Now, the integrations of these class of \(\theta \) functions can be performed trivially to obtain as follows:

$$\begin{aligned} \theta _1 (x) &= x\theta _0 (x) \nonumber \\ \theta _2 (x) &= \frac{x^2}{2}\theta _0 (x)\nonumber \\&\ldots \end{aligned}$$
(8)

Further, the above integrals are limited between \( -\pi -x\) to \(\pi -x\). This thus means we only need to consider the \(-(-\pi -x)\) term. In the portion to the left of limits placed, the \(\theta \) functions remain uniformly zero while to the right of the limit, we obtain functions which are a difference of the 2\(\theta \) functions at limit values, giving us a function one order lesser than required.

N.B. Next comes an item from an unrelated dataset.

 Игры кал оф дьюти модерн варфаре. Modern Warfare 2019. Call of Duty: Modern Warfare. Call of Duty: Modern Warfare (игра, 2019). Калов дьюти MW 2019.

Thus on expanding, it looks very similar to the Taylor series, but not quite of the same form. However, on closer inspection, we get the same form between \( - \pi \) to \(\pi \).

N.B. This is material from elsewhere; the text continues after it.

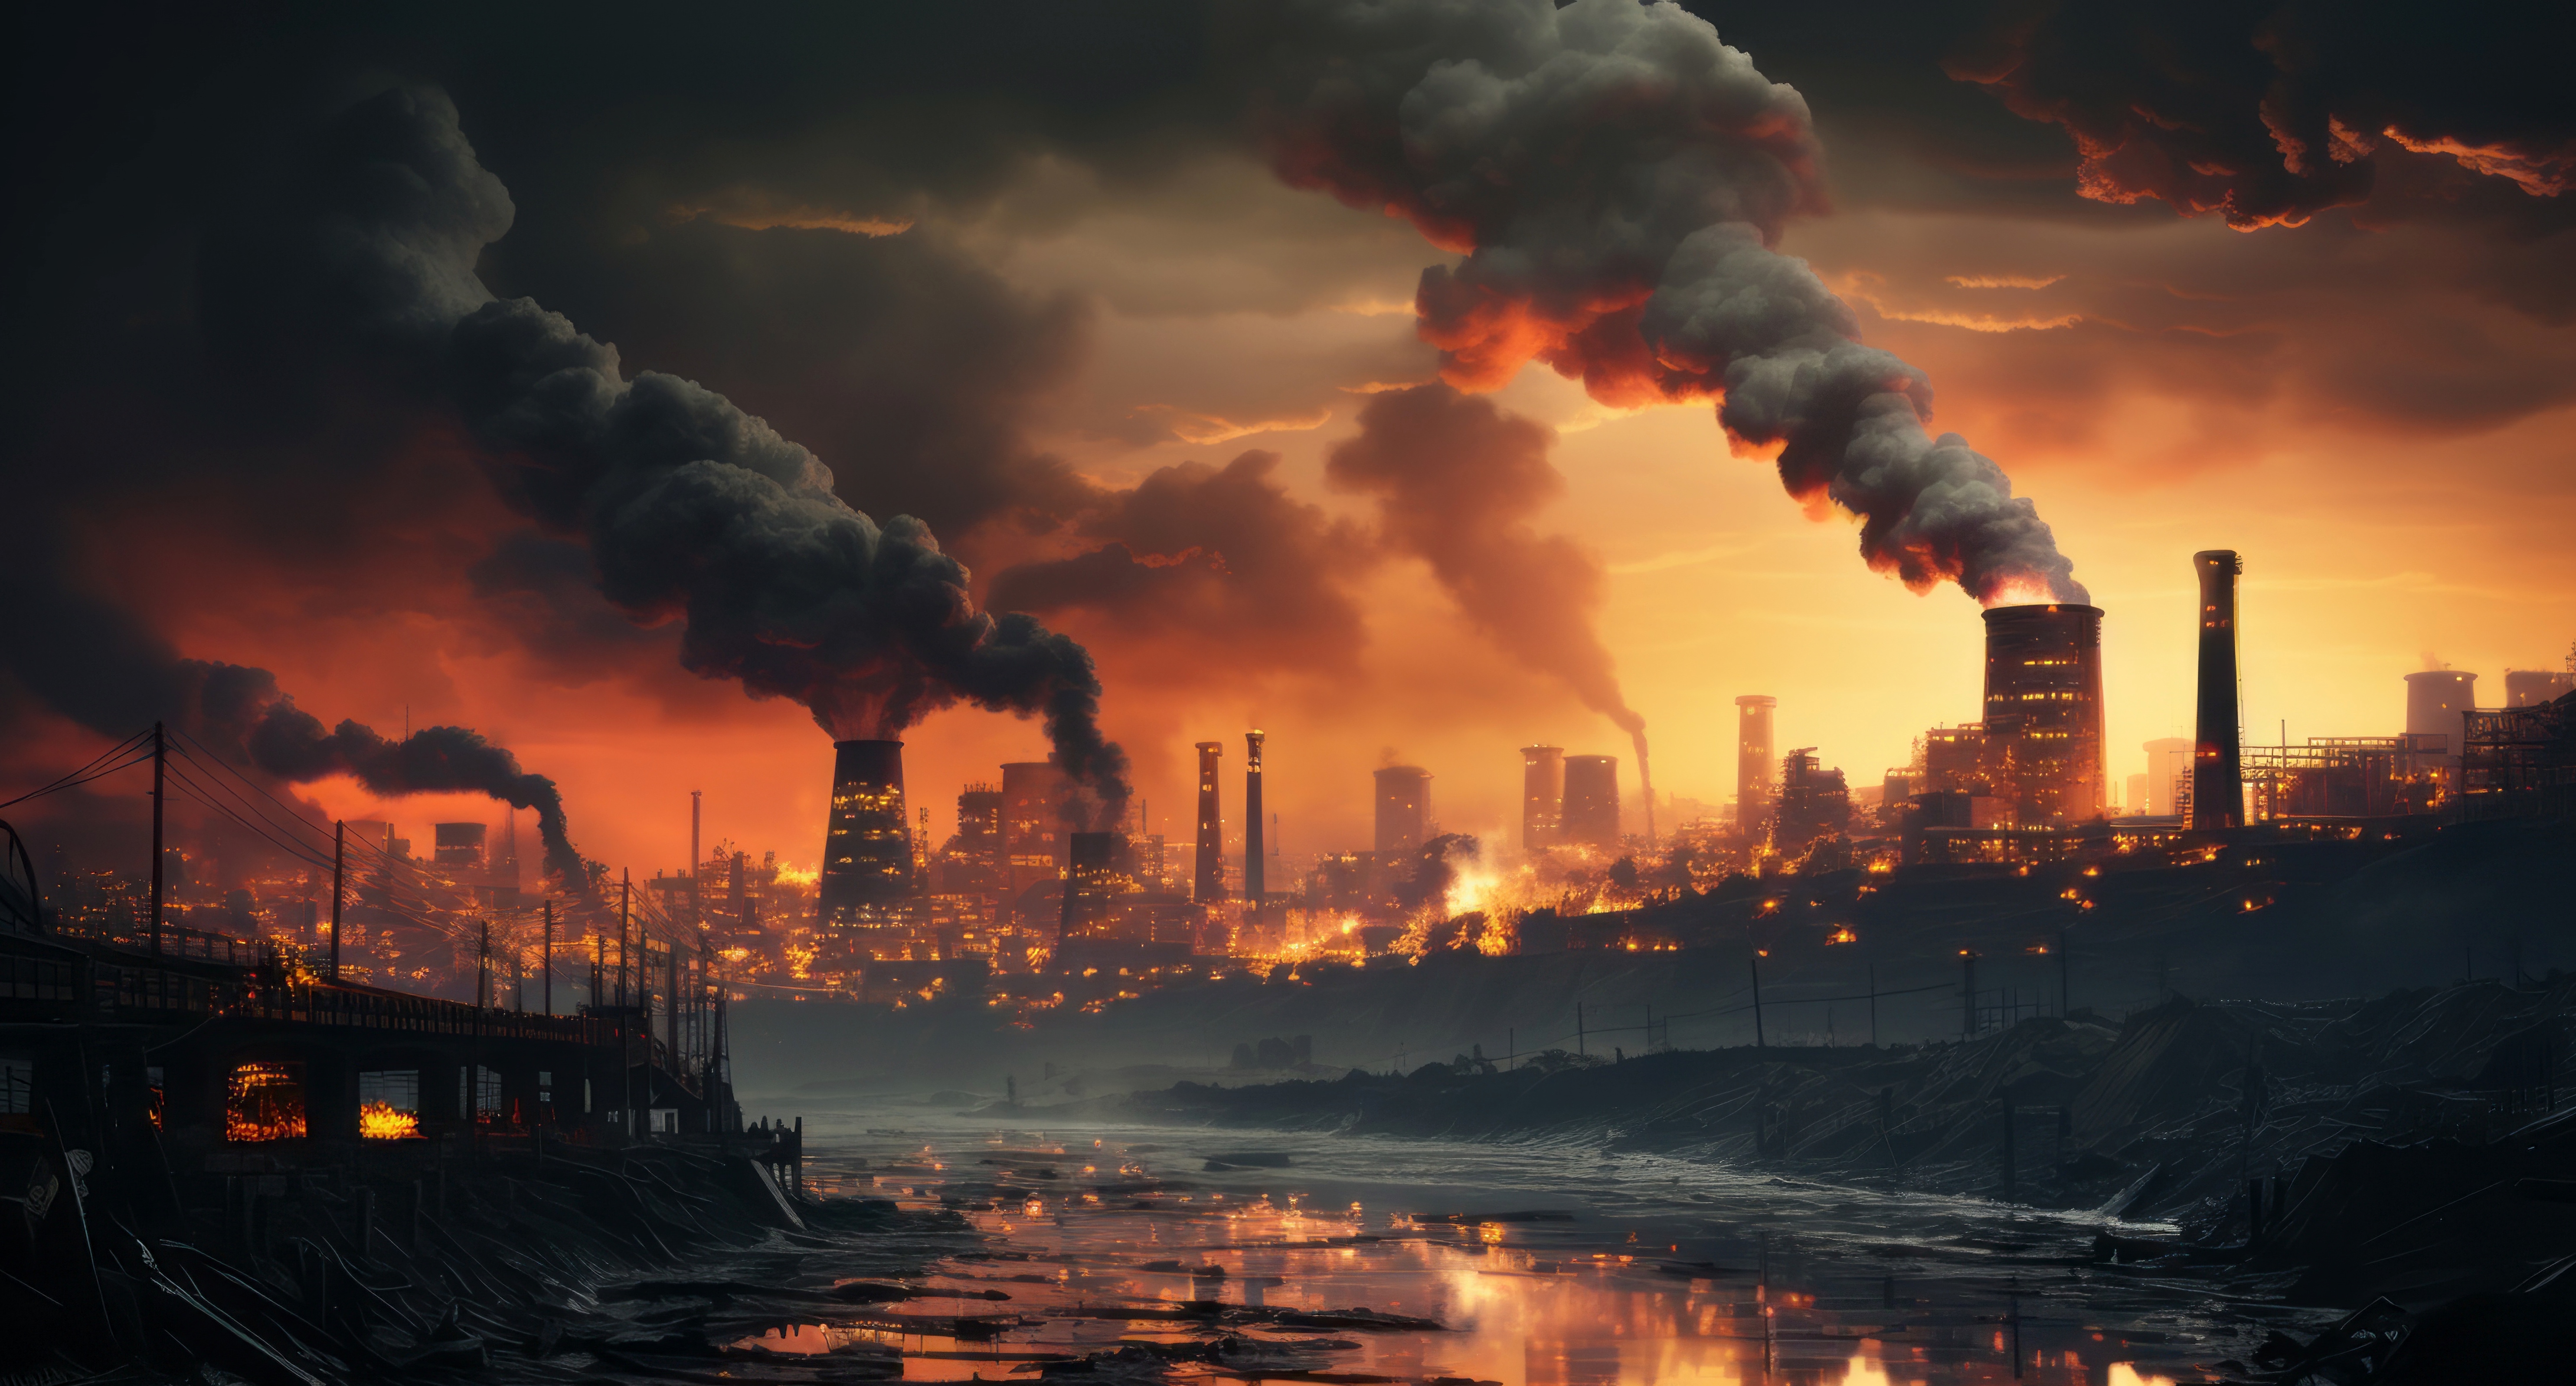 Pollution atmosphérique massive d'origine humaine. © senadesign, Adobe Stock

Thus going on expanding the last term by parts over and over, we get:

$$\begin{aligned} f(x) &= f(x+s)-f^{'}(x+s)(-\pi -x) +\frac{f^{''}(x+s)(-\pi -x)^2}{2!} \nonumber \\&-\frac{f^{'''}(x+s)(-\pi -x)^3}{3!}+\frac{f^{''''}(x+s)(-\pi -x)^4}{4!}-\cdots \end{aligned}$$
(9)

Transforming:

$$\begin{aligned} s:=(-\pi -x)=-h \end{aligned}$$

We thus obtain:

$$\begin{aligned} f(x)=f(x-h)+\frac{hf^{'}(x-h)}{1!}+\frac{h^2f^{''}(x-h)}{2!}+\cdots \end{aligned}$$
(10)

Specifically:

$$f(\pi+h)= f(\pi)+\frac{hf'(\pi)}{1!}+\frac{h^2 f''(\pi)}{2!}+\cdots$$
(11)

This shows us that the value of the function and its derivatives at \(\pi \) is extremely important. This can then be further generalised to a Fourier series with any suitably well-defined period. Thus the Taylor series is shown to be exactly derivable from its Fourier series. However there are a few important caveats which are listed below.

It must be noted that the above formulation of equality holds only for the specific transformation relation. Generalizing, this shows that the global properties of Fourier series can be matched by the local properties of expanding a function using a certain expansion coefficient. This above formulation could be replaced for a general Fourier series with the period replacing the limits \(-\pi \) to \(\pi \).

Thus, a neat relation has been shown to exist between a function’s Fourier and Taylor series in a certain domain.